Users can test a single variant on this page or perform a batch analysis using txt file as well as VCF or MAF file generated by NGS.

Seshat performs the following tasks:
Quality checks mutation nomenclature.
Generates a full description of each variant formatted according to HGVS.
Generates publication-ready tables.
Assesses the pathogenicity of each variant according to either general prediction algorithms (Provean, Sift, Polyphen2, FATHMM, MutationAssessor and 7 other algorithms) or algorithms developed exclusively for TP53.
Displays functional and structural data for each TP53 variant.

Seshat works with both csv files and vcf or maf files generated by NGS. Input data using protein, cDNA or genomic information can be used.

Seshat is based on the UMD TP53 database; 2017 release: 80,000 mutations (6,000 TP53 variants).

 

* Seshat was the Ancient Egyptian goddess of wisdom, knowledge, and writing.
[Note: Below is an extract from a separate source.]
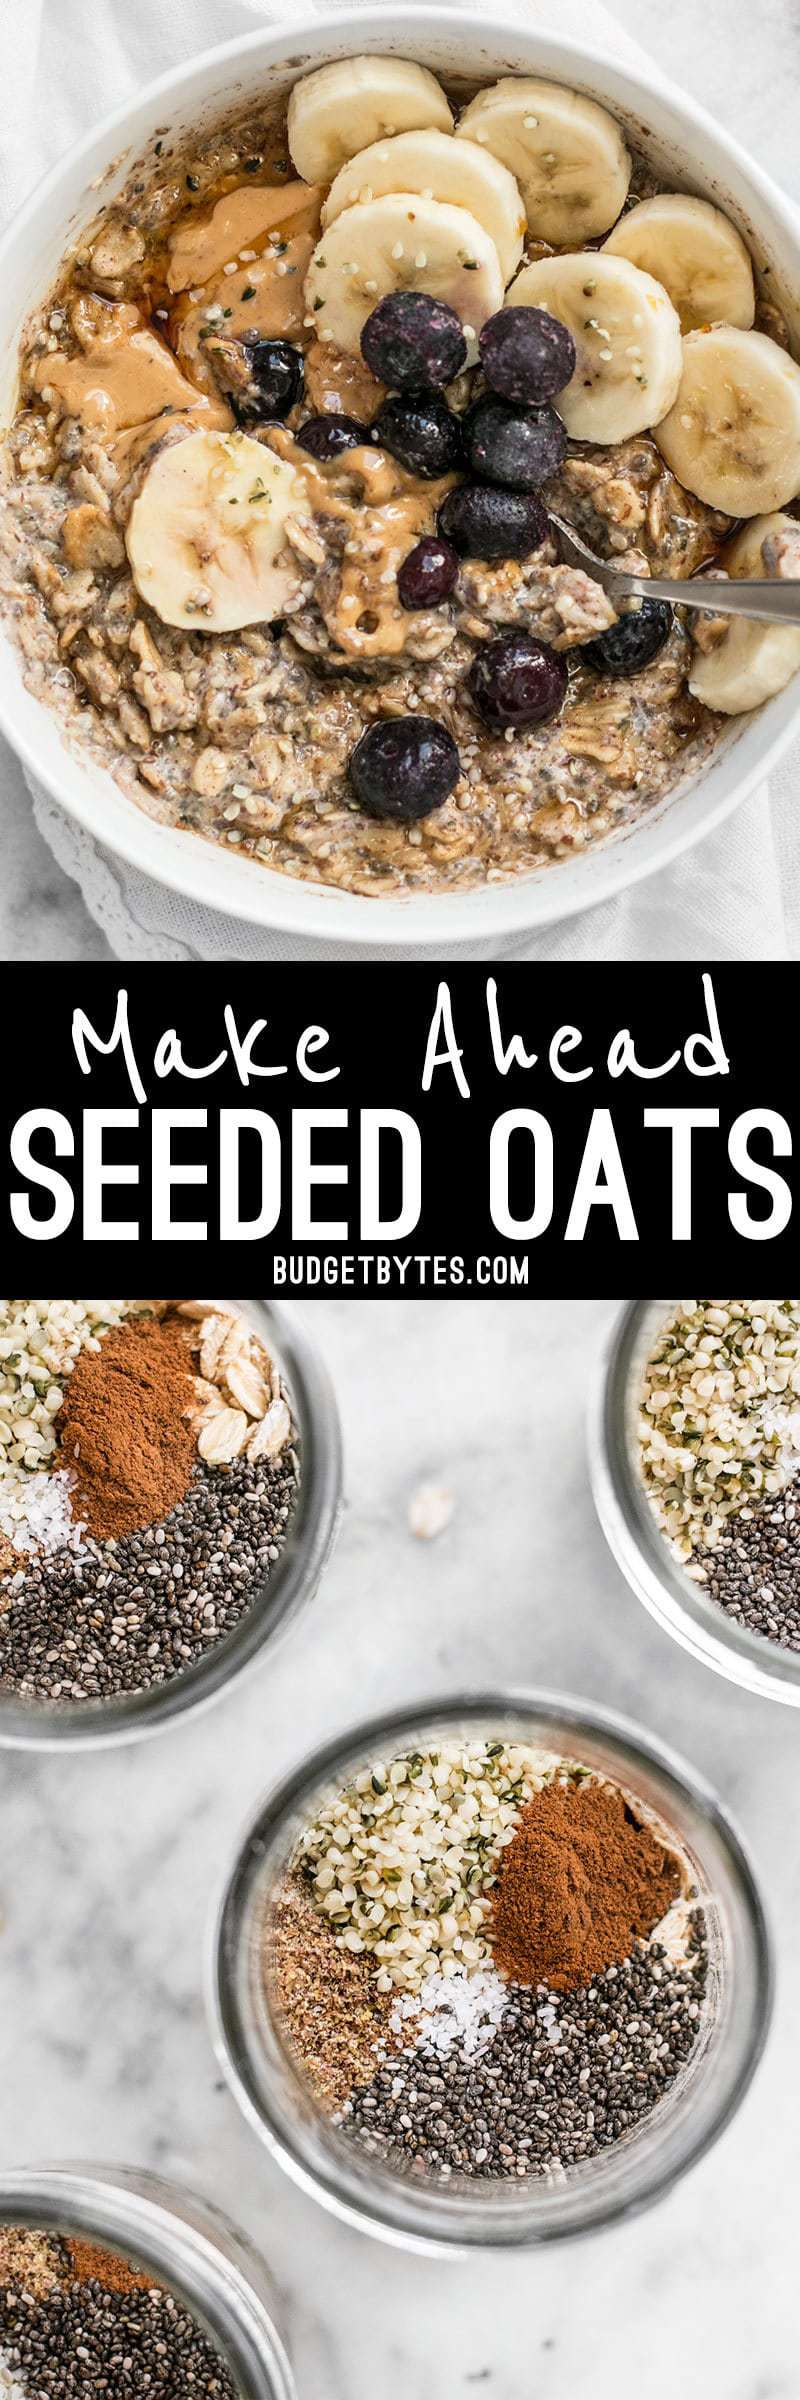 Make Ahead Seeded Oats - Breakfast Meal Prep - Budget Bytes

Her name means she who is the scribe, which is in perfect harmony with the goal of this site.*

 

Seshat: Where ?

You can access Seshat via this link: beware that you will leave the TP53 web site to access Seshat

link to Seshat

Seshat: Why ?

Somatic mutations in the TP53 gene are one of the most frequent alterations in human cancers, and germline mutations are the underlying cause of Li-Fraumeni syndrome, which predisposes to a wide spectrum of early-onset cancers.
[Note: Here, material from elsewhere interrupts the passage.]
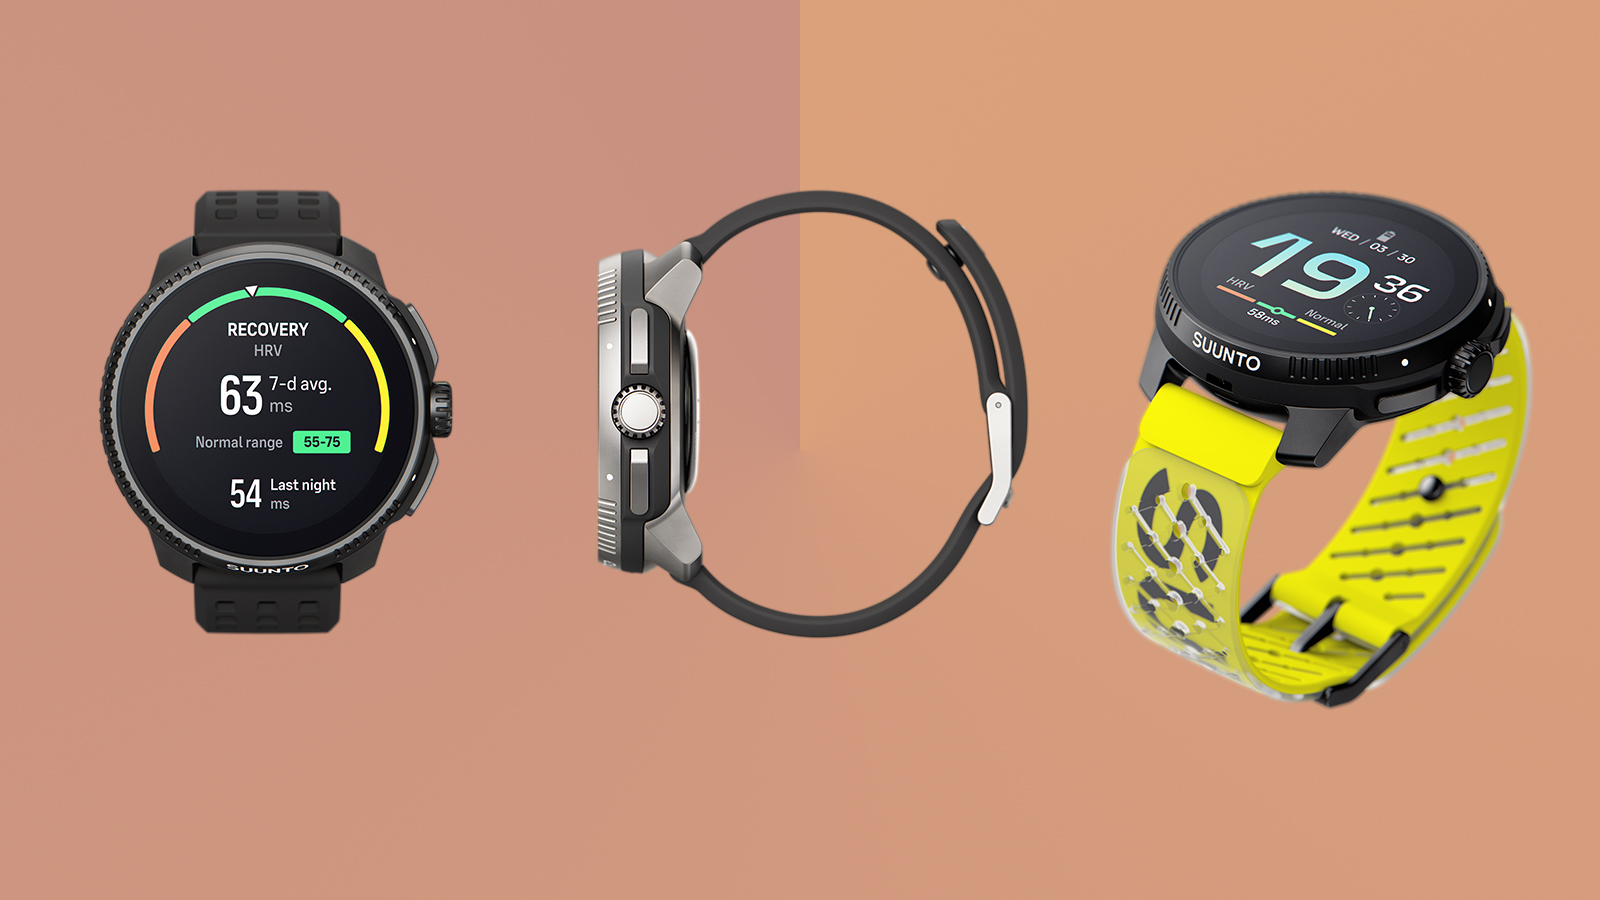 Suunto Race is the Finnish wearable brand's first GPS running

Accurate assessment of TP53 gene status in sporadic tumors and in the germline of individuals at high risk of cancer has important clinical implications for diagnosis, surveillance and therapy.
The most recent version of the National Comprehensive Cancer Network (NCCN) guidelines recommends TP53 mutations testing in individuals with onset of breast cancer before 31 years of age, either concurrently with BRCA1/2 testing or as a follow-up test after negative BRCA1/2 testing

(NCCN Guidelines Version 1.2017, https://www.nccn.org/professionals/)
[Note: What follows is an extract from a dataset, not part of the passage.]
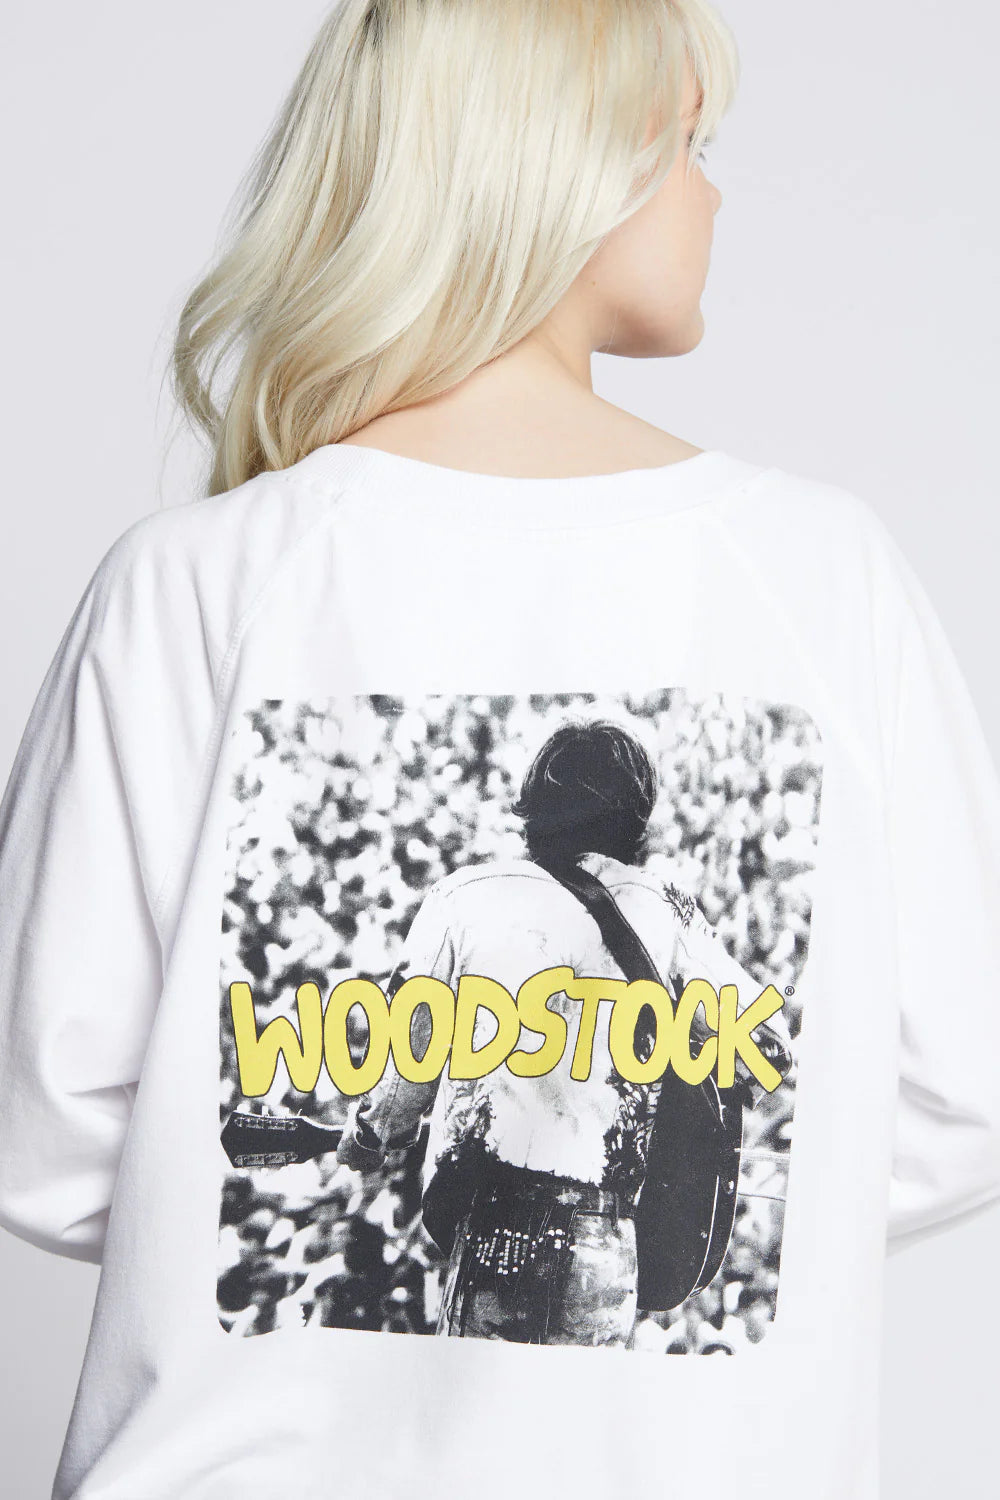 Woodstock Sweatshirt

Somatic TP53 mutation analysis is now widely used in clinical trials involving patient stratification based on TP53 status and in trials of novel drugs targeting either wild-type or mutant TP53 in order to activate a TP53 antitumor response. TP53 mutation screening is therefore rapidly becoming an integral part of many therapeutic or prevention strategies in clinical practice.
The complex architecture and expression pattern of the TP53 gene has only been recognized in recent years. TP53 mobilizes various mechanisms to transcribe at least eight different mRNA isoforms, which are generated by alternative splicing or alternative promoter usage. Collectively, these mRNAs have the potential to give rise to up to 12 different proteins, although the exact expression level, tissue distribution and biological function of each of these protein variants are poorly understood. This complex expression pattern implies that sequences located in TP53 introns and involved in the production of alternative forms of the protein may have a critical impact on overall biological functions of p53, and may therefore be important target regions for somatic or germline variants.
Bioinformatic pipelines currently associated with various NGS devices use different nomenclatures, algorithms and references to assess TP53 status, leading to heterogeneous outputs. For example, we have observed that variant chr17:g.7578406G>A (MN_000546.5_c.524G>A) can be randomly described as either p.R175H (using NP_000537.3 as a reference) or p.R43H (using NP_001119587.1 as a reference) in the same output. The fact that no reference is usually included results in the misleading conclusion that two different TP53 variants have been identified.
Another problem concerns the mutation nomenclature, which is not homogeneous among the various outputs and rarely follows the hgvs recommendations (http://varnomen.hgvs.org/), leading to the false impression that a given mutation is a novel mutation (Figure ). The 3' rule used for the description of mutations in repeated sequences is rarely followed.

 3 Rules

 

The 3' rule, a misapplied rule:

For all descriptions, the most 3' position possible of the reference sequence is arbitrarily assigned to have been changed.
The 3' rule also applies to changes in single residue stretches and tandem repeats (nucleotide or amino acid).
The 3' rule applies to ALL descriptions (genome, gene, transcript and protein) of a given variant.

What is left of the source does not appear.